This Honda Tomo is the mini pickup-EV we didn't know we wanted

Honda's compact electric vehicle prototype won't be the only adorable little urban EV at the Geneva Motor Show, it turns out, with an even more charming mini-truck set to debut alongside it. The Honda Tomo is a vision of the personable electric vehicle of the future, just as much at home in the tight confines of the city as it is venturing outside.

Like the Honda compact electric vehicle prototype – and the Honda Urban EV Concept before it – it's a smaller, more personality-filled vision of transportation. Specifically, the Tomo EV is an all-electric mini truck, with a pickup style trunk. That could be switched from an open bed to an enclosed section, depending on how the car needed to be used.

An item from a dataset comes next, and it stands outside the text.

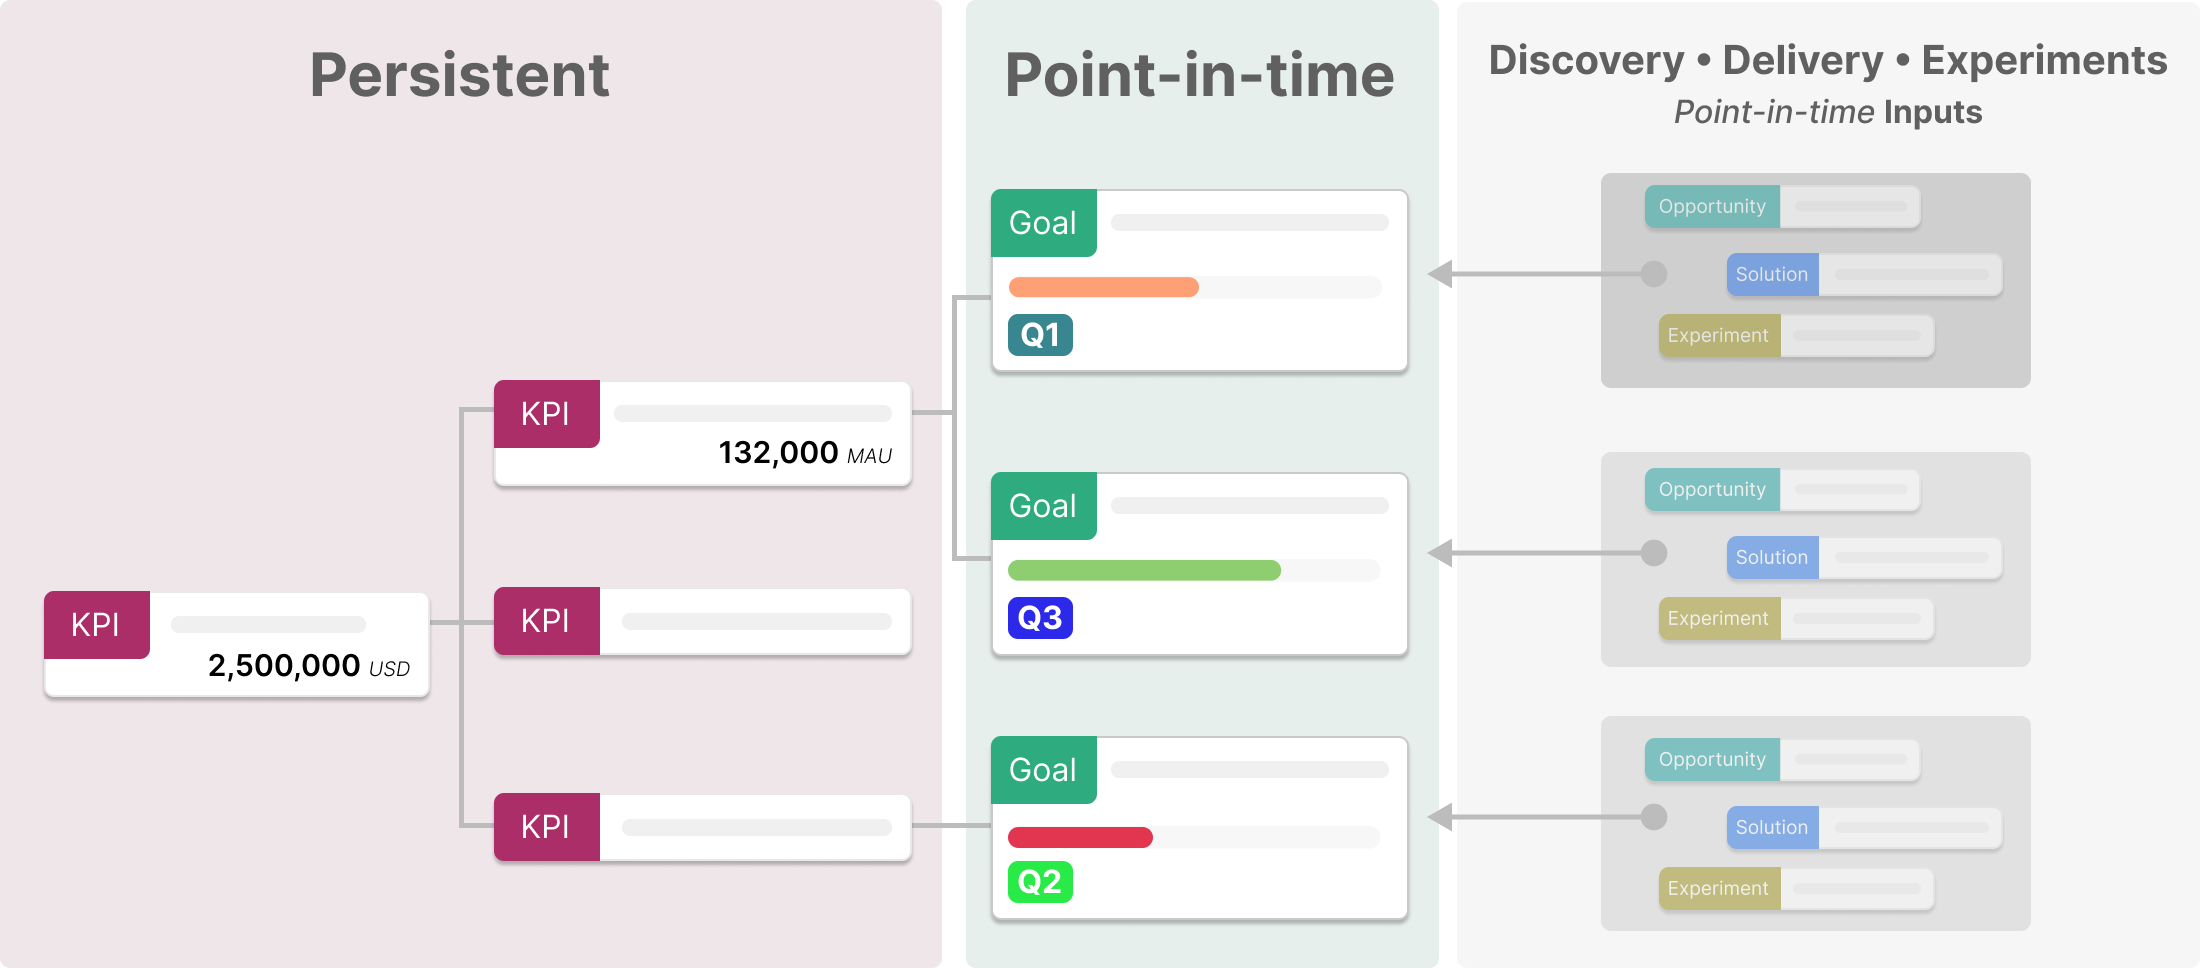 KPI Trees Persistent vs. Point-in-time

What the Honda Tomo, spotted by Jalopnik, isn't, though, is an official Honda concept. Instead it's the handiwork of a group of students on the Master in Transportation Design course at IED Torino. It was challenged by Honda to come up with a vision of next-generation "fun" driving.

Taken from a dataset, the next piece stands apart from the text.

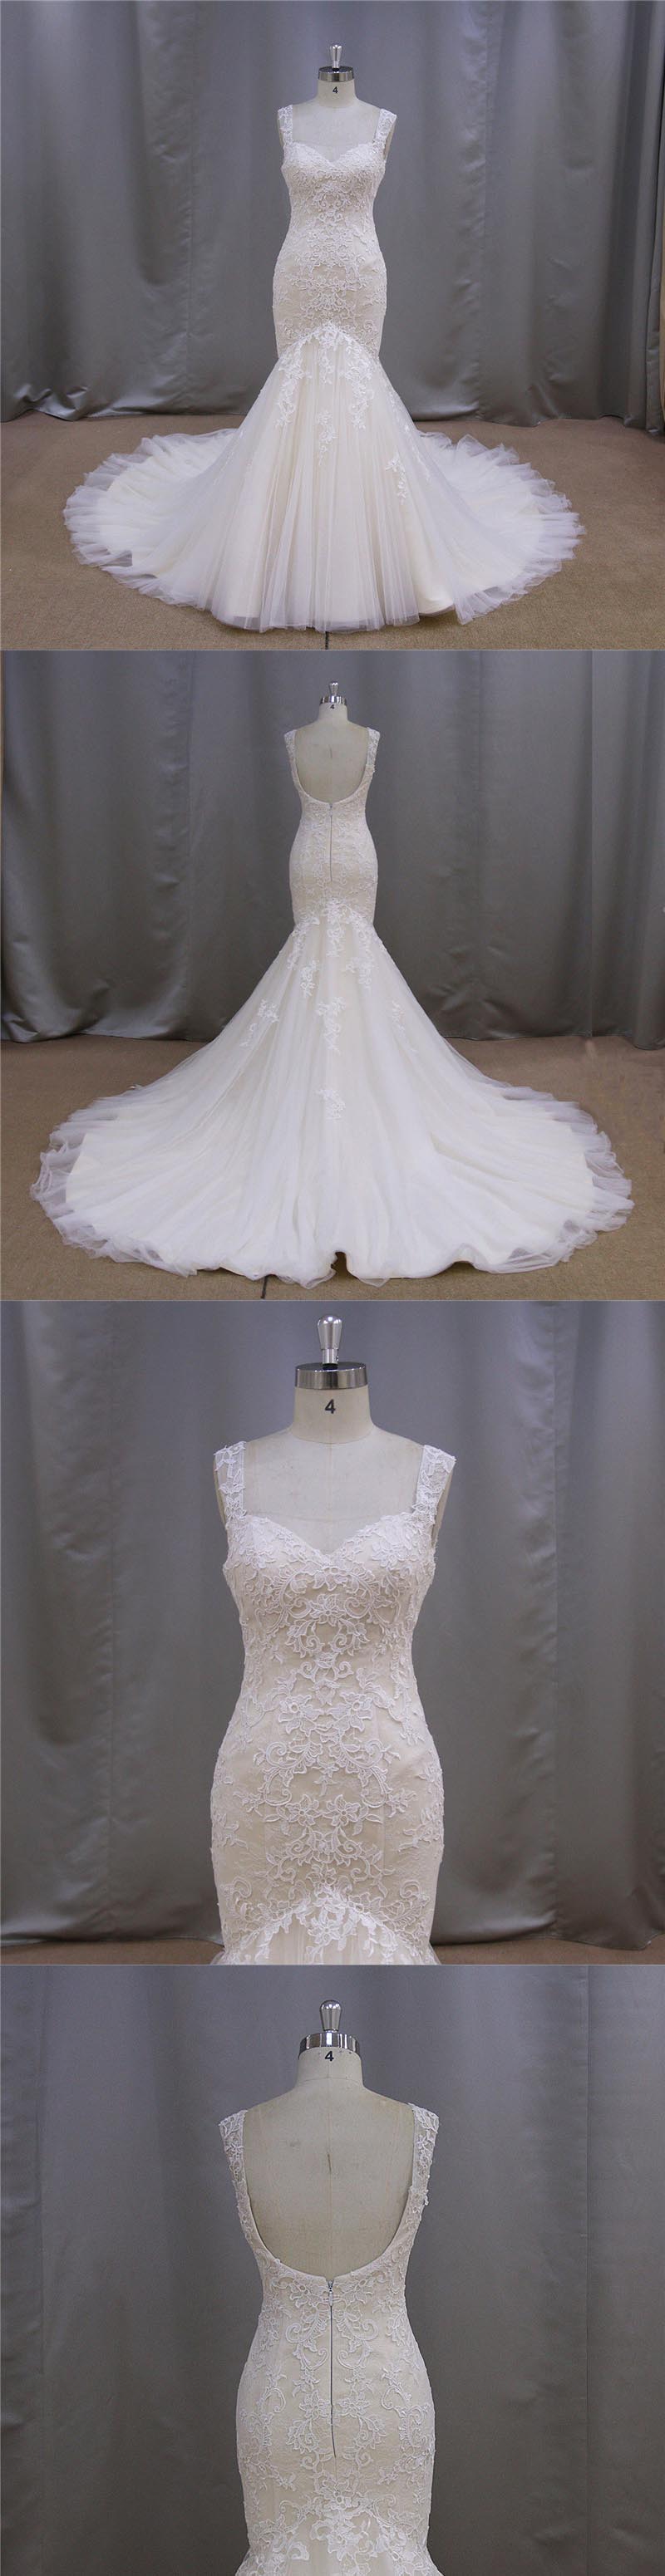 Champagne Good Price New Arrival Wedding Dress

The IED team came up with a ute that shouldn't take up too much space in urban environments. Just over 13 feet in length, 6 feet in width, and a smudge over 5 feet tall, it's styled with ideas of fitness wearables and personal technology in mind. Somewhat fittingly for the current trend of SUVs calling themselves coupes, it blends together the silhouette of both a two-door and a mini-pickup.

"Tomo was designed for a new market segment where age doesn't count," the IED team says. "It seeks to spark the interest of new generations who increasingly have a non-traditional occupation, who want to experience their car in a fun and useful way."

Honda and the IED students will make a 1:1 scale model of the concept car, to bring along and display at the Geneva Motor Show 2019 in early March. It's unclear at this point whether the mock-up will have an interior, though the students have some ideas there too as to what it should include.

Taking into account modern familiarity with touchscreens over physical controls, Tomo has displays across multiple surfaces along with a head-up display. It sounds like it's still some way from the somewhat more production-ready dashboard we're expecting of the compact electric vehicle prototype, which Honda previewed earlier this week. Still, it also sounds like any sort of vehicle like Tomo would be some way away from dealerships, too.

That's a shame, as the idea of an electrified urban pickup isn't necessarily a bad one. Part of the potential of EVs is that the architecture lends itself to more flexible and imaginative form-factors: see, for instance, VW's decision to make an electric dune buggy based on the same MEB platform that will underpin more mainstream cars like crossovers and hatchbacks. The market may not quite be ready for a production Tomo, but hopefully it will be one day soon.